Exercise data
-------------------------
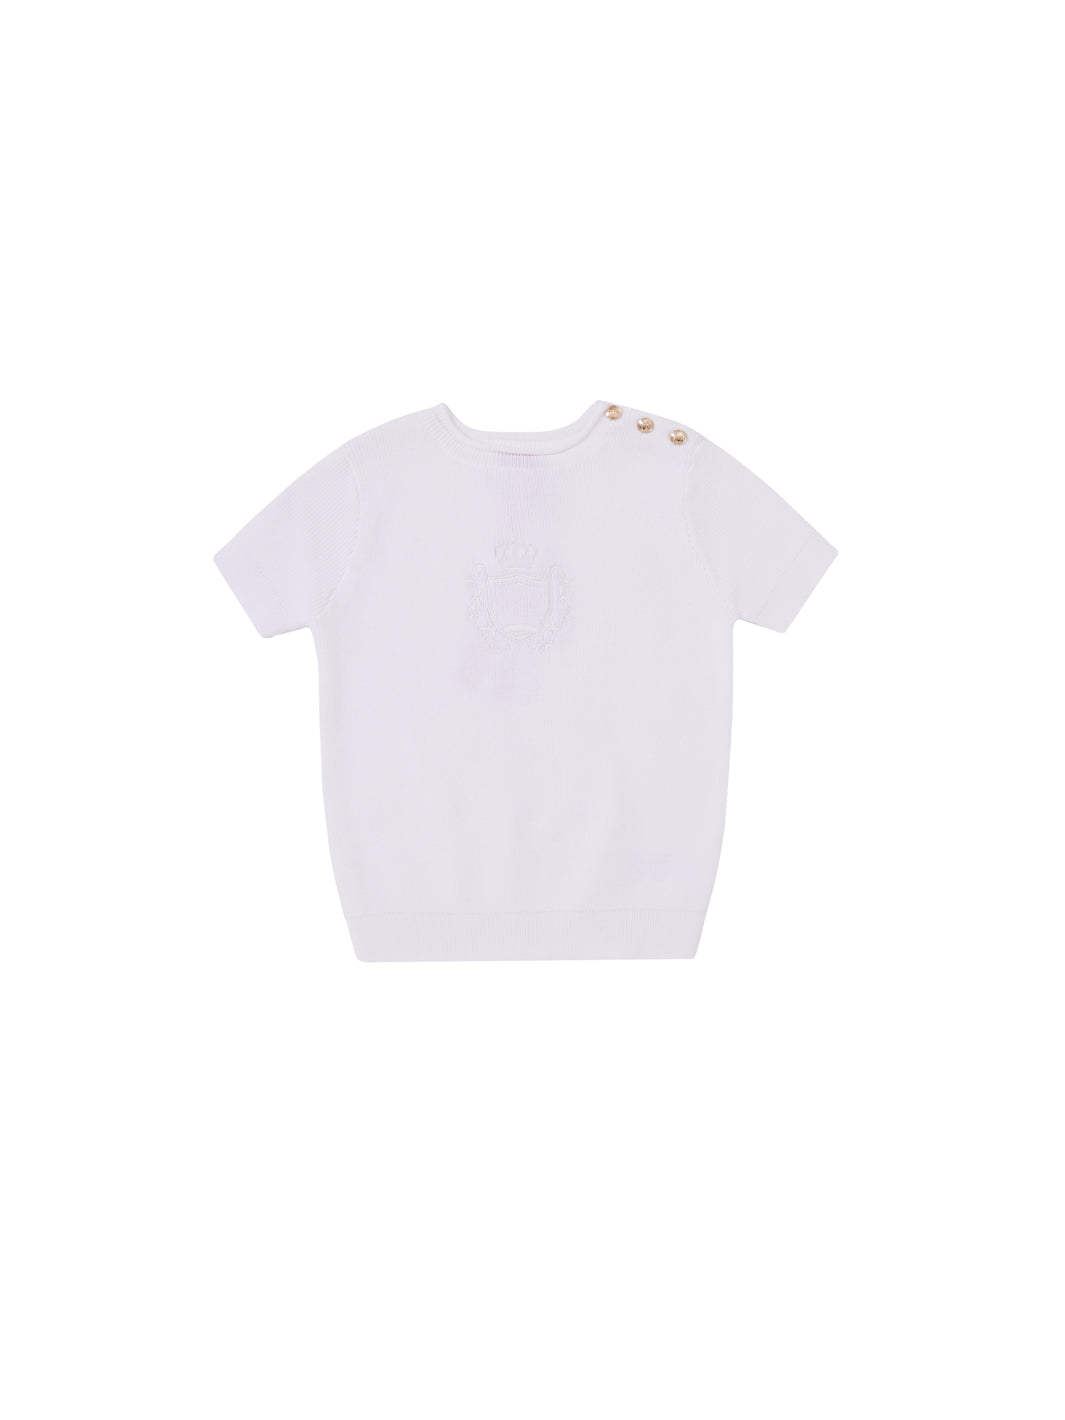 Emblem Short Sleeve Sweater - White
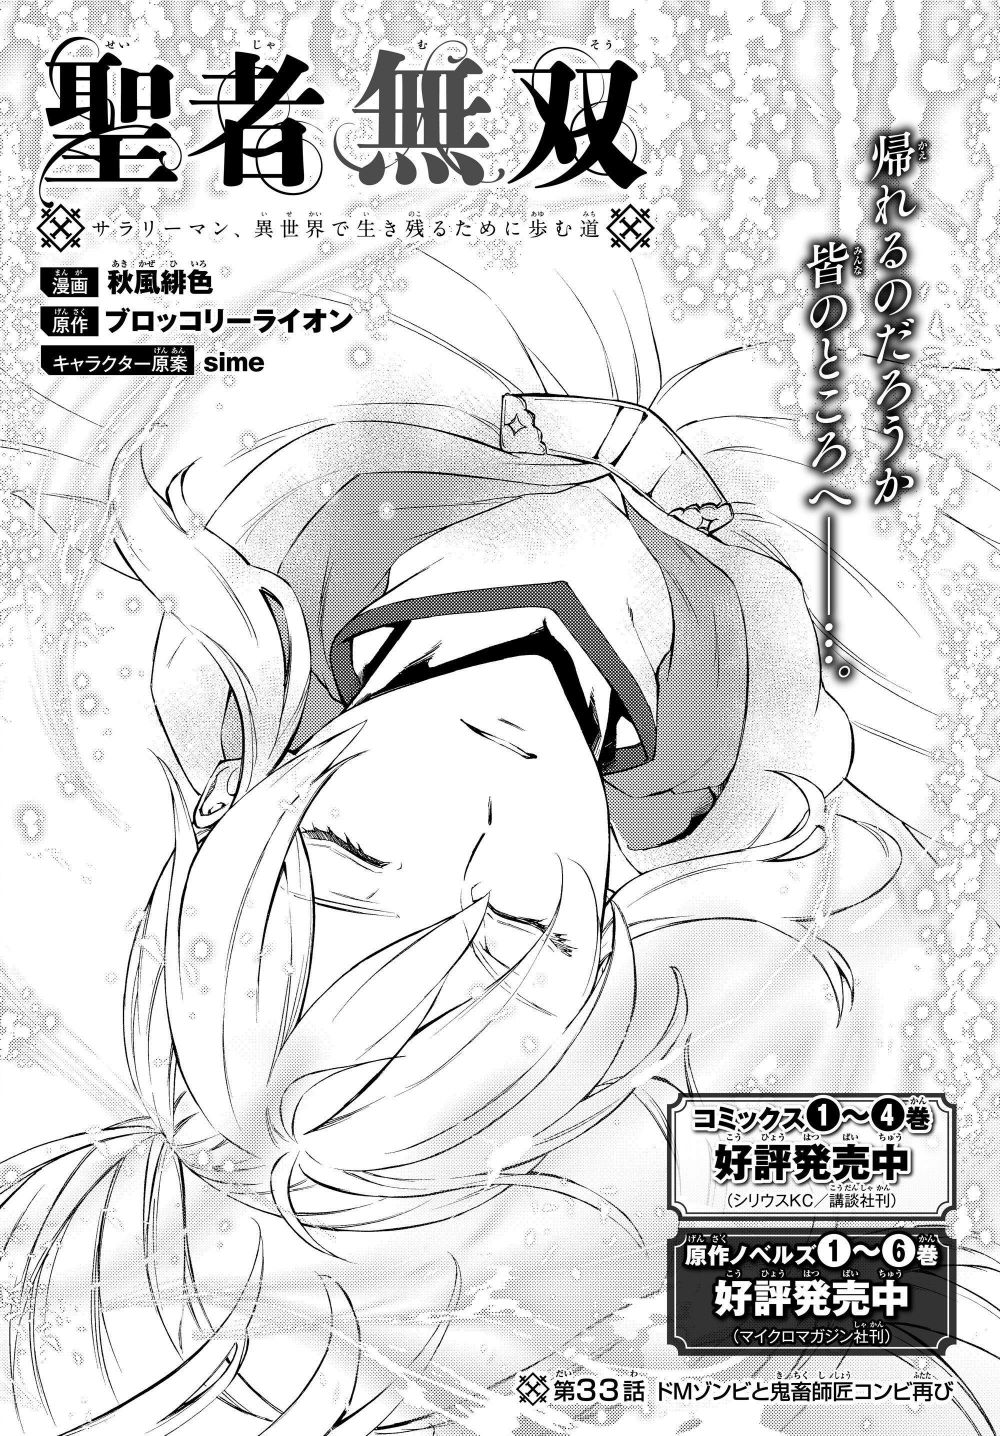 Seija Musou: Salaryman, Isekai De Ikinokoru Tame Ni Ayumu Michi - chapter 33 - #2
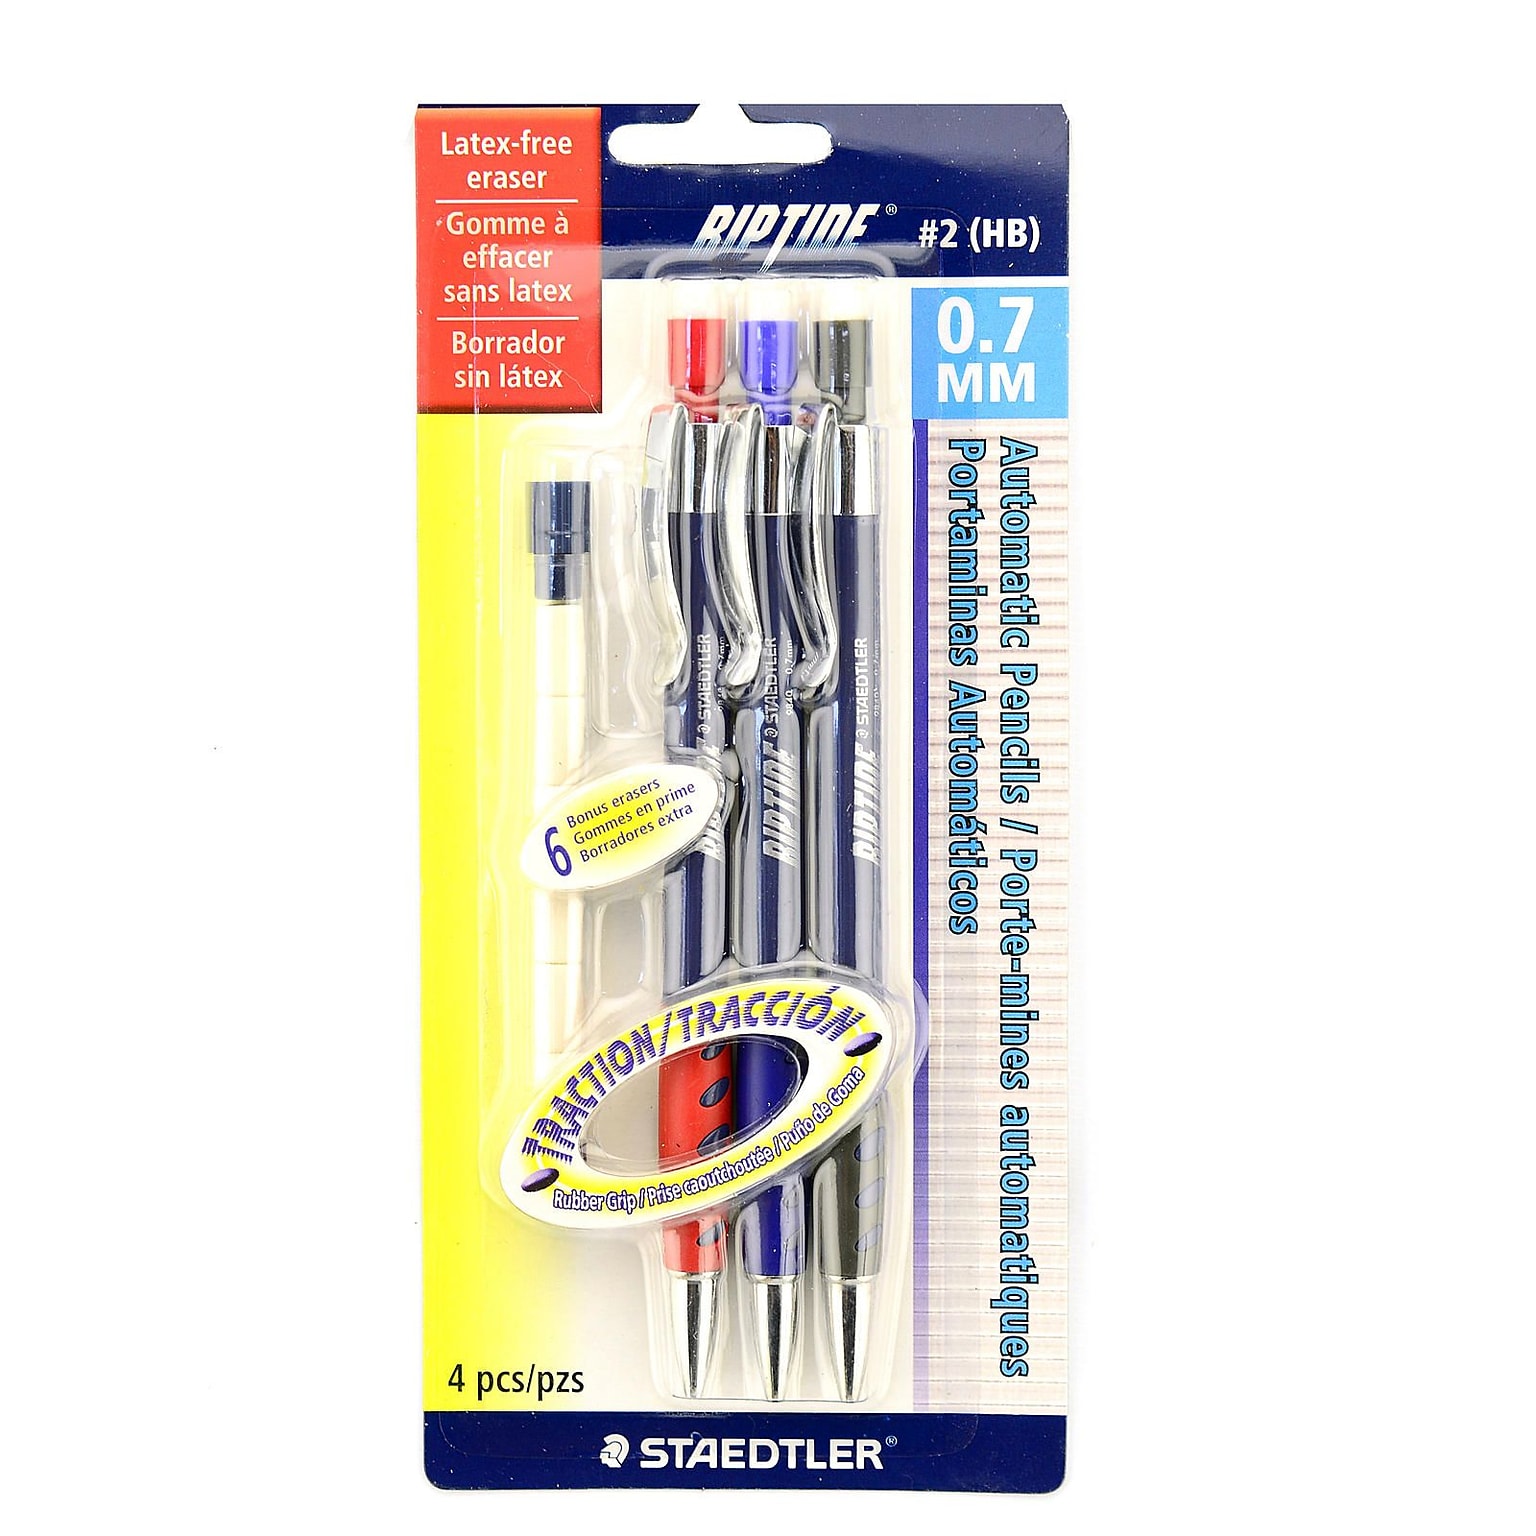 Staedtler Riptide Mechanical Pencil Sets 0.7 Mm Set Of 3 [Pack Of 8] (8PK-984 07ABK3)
-------------------------
Exercise aim
Please reproduce verbatim the lines from the line with "Seija Musou: Salaryman, Isekai" through the final line of the listing, inclusive of both ends. Omit all pictures.

Task output
 Seija Musou: Salaryman, Isekai De Ikinokoru Tame Ni Ayumu Michi - chapter 33 - #2
 Staedtler Riptide Mechanical Pencil Sets 0.7 Mm Set Of 3 [Pack Of 8] (8PK-984 07ABK3)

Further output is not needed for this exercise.